The NPT was a success.
- With the adherence of 191 countries, the NPT is close to universal world participation.
- It is still unique in that no other international agreement is based on a bargain between nuclear-weapon states and non-nuclear-weapon states.
- Under the supervision of the IAEA, the Treaty facilitates cooperation on peaceful applications of nuclear technology.
- It is credited with establishing the non-proliferation norm, which is responsible for keeping the number of countries armed with nuclear weapons below ten.
- The Nuclear Non-Proliferation Treaty (NPT) has failed to prevent the spread of nuclear weapons.
- NPT in its current form attempts to prevent horizontal proliferation but is incapable of preventing vertical proliferation.
- Failure to prevent horizontal spreading is evident in Iran, Libya, and North Korea.
- There are nearly 16,000 nuclear weapons still in existence, many of which are on high alert and far more powerful than the bomb dropped on Hiroshima.
- There is no adherence to the treaty that is honest. Many countries, including Brazil, South Africa, Iran, and Iraq, continued clandestine (secret) nuclear programmes after joining the NPT.

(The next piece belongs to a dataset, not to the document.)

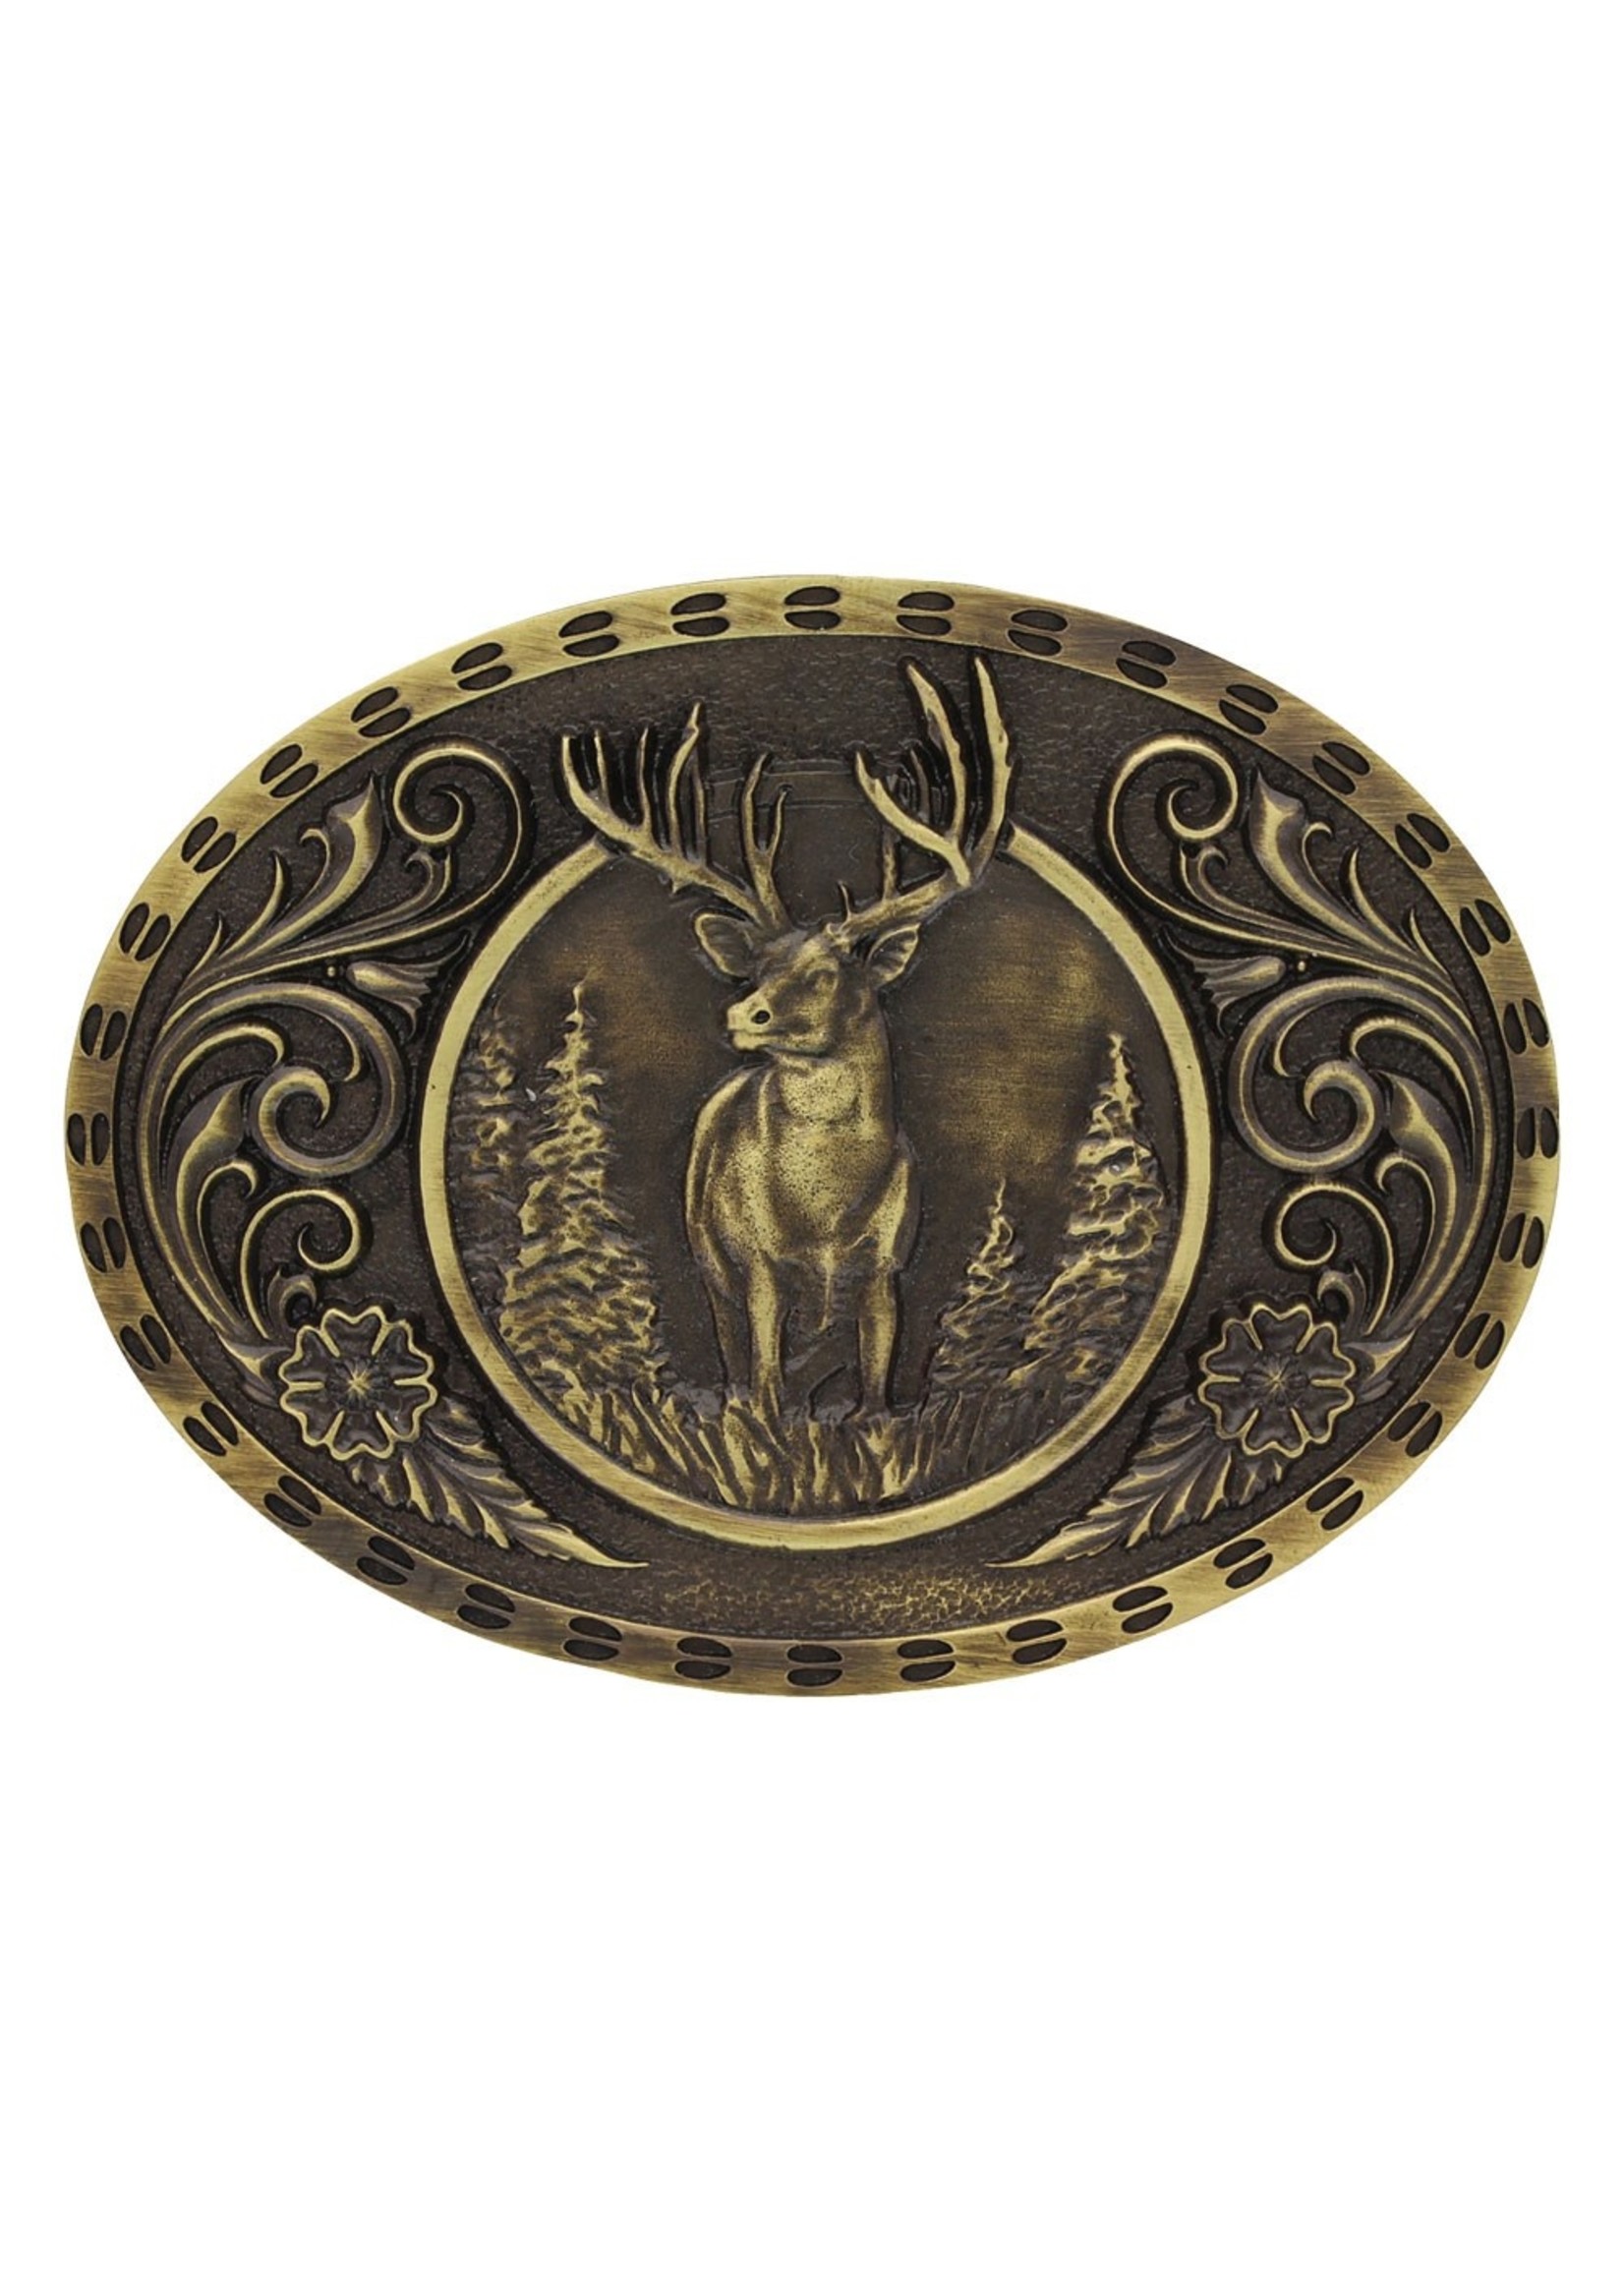 Attiude Buckles Heritage Outdoor Series Wild Stag Carved Buckle

- Today, the NPT is a treaty that protects the rights of five nuclear weapon states. These countries are aiding in the vertical proliferation of nuclear weapons.
- Following a four-week UN conference on a nuclear disarmament treaty known as the NPT, Russia prevented the adoption of a joint declaration.
- Russia had one major objection to certain paragraphs that, according to Russian officials, were obviously political in nature.
- The most recent draught text expressed grave concern about military activities in the vicinity of Ukrainian power plants, including Zaporizhzhia.
- Because of the possibility of reactor damage, the shelling around these plants has heightened fears of nuclear radiation.
- Russia objected to this paragraph concerning the occupied Ukrainian nuclear power plant in Zaporizhzhia by the Russian military.
Why India has not signed NPT yet?
- Failure of the Disarmament Process: The NPT proposes no tangible disarmament roadmap, no mention of a testing ban or a freeze on the production of fissile materials or nuclear weapons, and no provisions for reductions and elimination.
- Nuclear ‘Haves’ and ‘Have-Nots’: India accuses the treaty of being discriminatory because it focuses only on preventing horizontal proliferation while leaving no room for vertical proliferation.
- In this context, India demands that Nuclear Weapon States (NWS) renounce their arsenals and cease further production in exchange for Non-NWS commitments not to produce them.
- Discriminating Safeguards: Under International Atomic Energy Agency (IAEA) nuclear safety protocols, the NWS was allowed to maintain ‘voluntary’ safeguards while the rest were subjected to comprehensive safeguards, which the NNWS found intrusive and discriminatory.
- The emergence of non-state actors with declared intent to access weapons of mass destruction, as well as the discovery of a global nuclear black market, has raised concerns about the NPT’s limitations.